HA multi datacenter

The high availability of a PostgreSQL cluster deployed in multiple data centers is based on replication, which can be synchronous or asynchronous (see replication modes).

In both cases, it is important to be clear about the following concepts:

Postgres can run as primary or standby leader only when it owns the leading key and can update the leading key.
You should run the odd number of etcd, ZooKeeper or Consul nodes: 3 or 5!

Synchronous Replication

To have a multi DC cluster that can automatically tolerate a zone drop, a minimum of 3 is required.

The architecture diagram would be the following:

_images/multi-dc-synchronous-replication.png

We must deploy a cluster of etcd, ZooKeeper or Consul through the different DC, with a minimum of 3 nodes, one in each zone.

Regarding postgres, we must deploy at least 2 nodes, in different DC. Then you have to set synchronous_mode: true in the global dynamic configuration.

This enables sync replication and the primary node will choose one of the nodes as synchronous.

Asynchronous Replication

With only two data centers it would be better to have two independent etcd clusters and run Patroni standby cluster in the second data center.
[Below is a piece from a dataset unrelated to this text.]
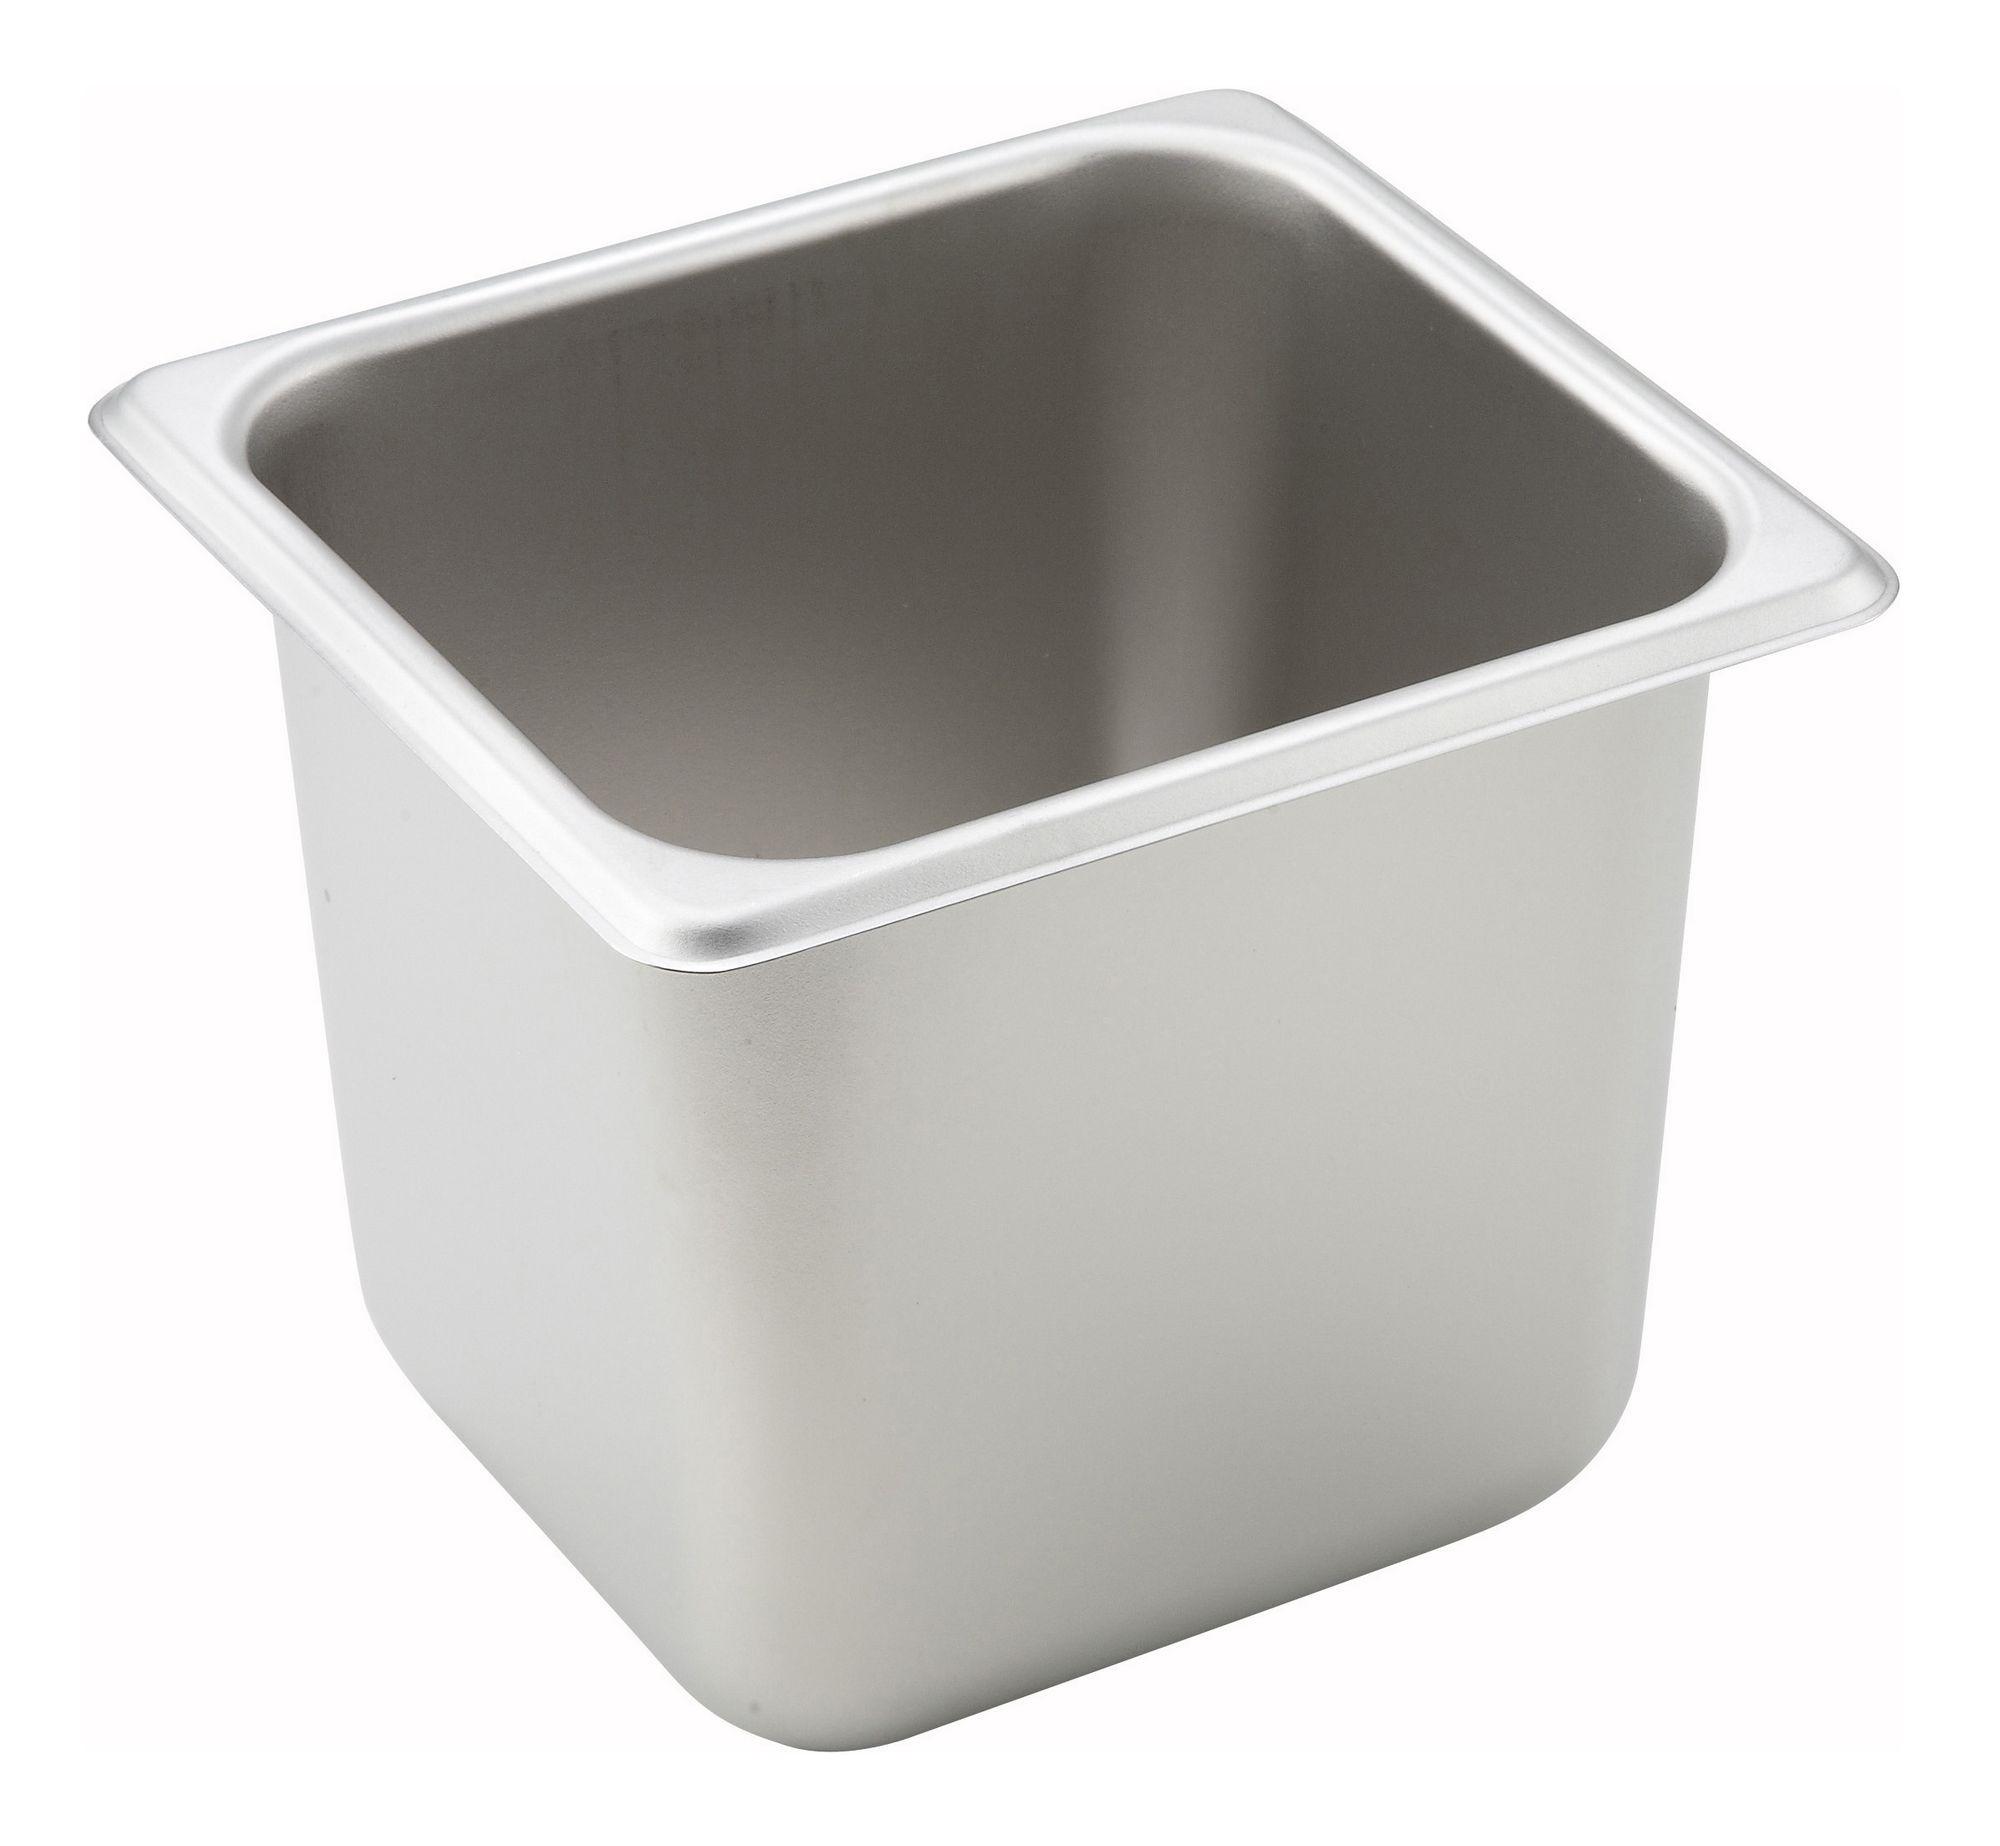 "Winco SPS6 1/6 Size Standard Weight Steam Table Pan 6"" Deep"

If the first site is down, you can MANUALLY promote the standby_cluster.

The architecture diagram would be the following:

_images/multi-dc-asynchronous-replication.png

Automatic promotion is not possible, because DC2 will never able to figure out the state of DC1.
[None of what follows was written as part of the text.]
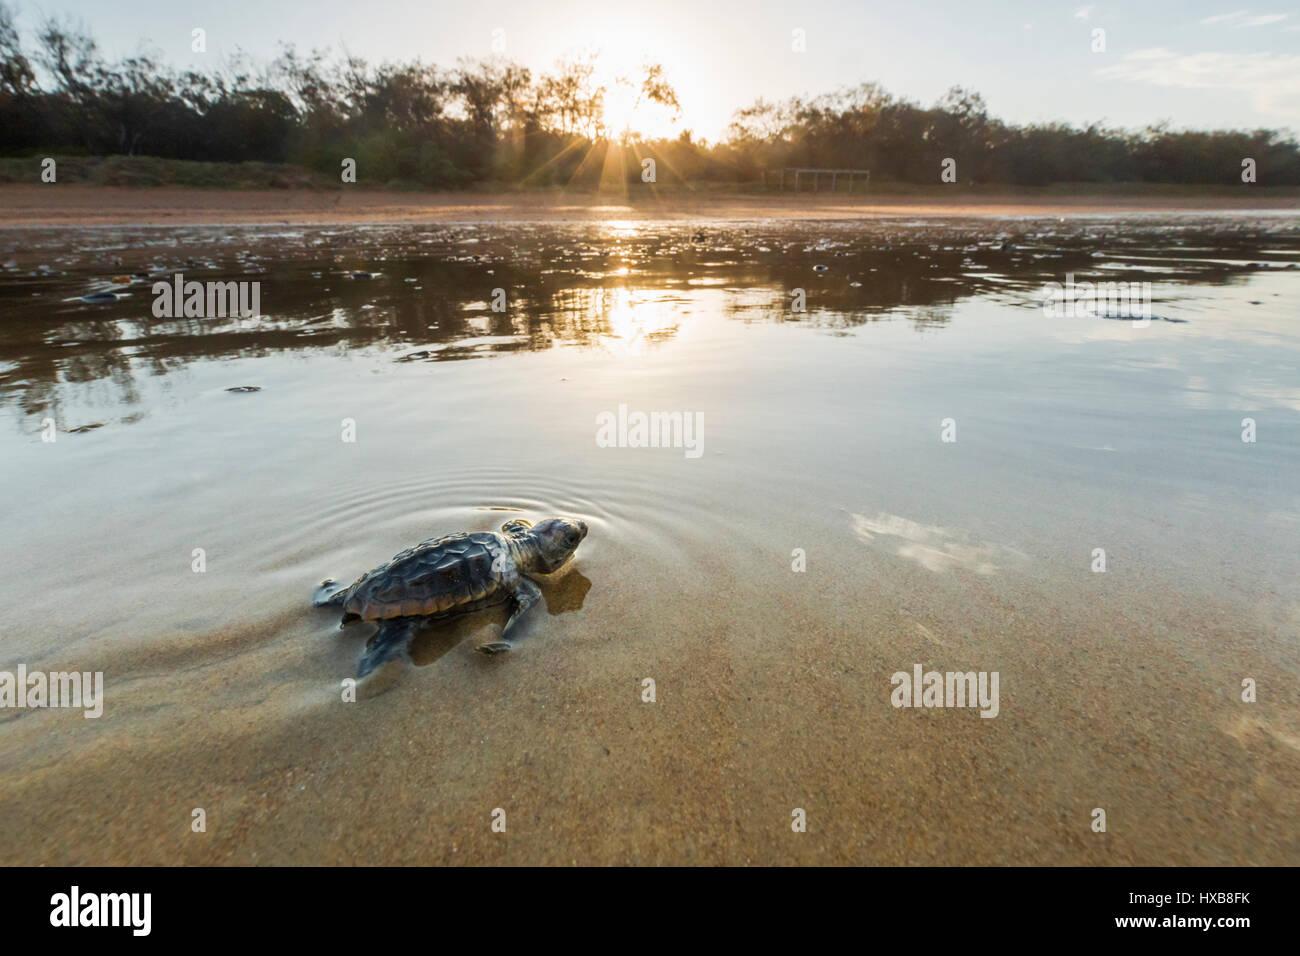 Bebé caguama (Caretta caretta) hace su viaje al mar al atardecer. Mon Repos Conservation Park, Bundaberg, Queensland, Imagen De Stock

You should not use pg_ctl promote in this scenario, you need “manually promote” the healthy cluster by removing standby_cluster section from the dynamic configuration.

Warning

If the source cluster is still up and running and you promote the standby cluster you create a split-brain.

In case you want to return to the “initial” state, there are only two ways of resolving it:

Add the standby_cluster section back and it will trigger pg_rewind; however, for pg_rewind to function properly, either the cluster must be initialized with data page checksums (--data-checksums option for initdb) and/or wal_log_hints must be set to on, but there are still chances that pg_rewind might fail due to other factors.
Rebuild the standby cluster from scratch.

Before promoting standby cluster one have to manually ensure that the source cluster is down (STONITH). When DC1 recovers, the cluster has to be converted to a standby cluster.

Before doing that you may manually examine the database and extract all changes that happened between the time when network between DC1 and DC2 has stopped working and the time when you manually stopped the cluster in DC1.

Once extracted, you may also manually apply these changes to the cluster in DC2.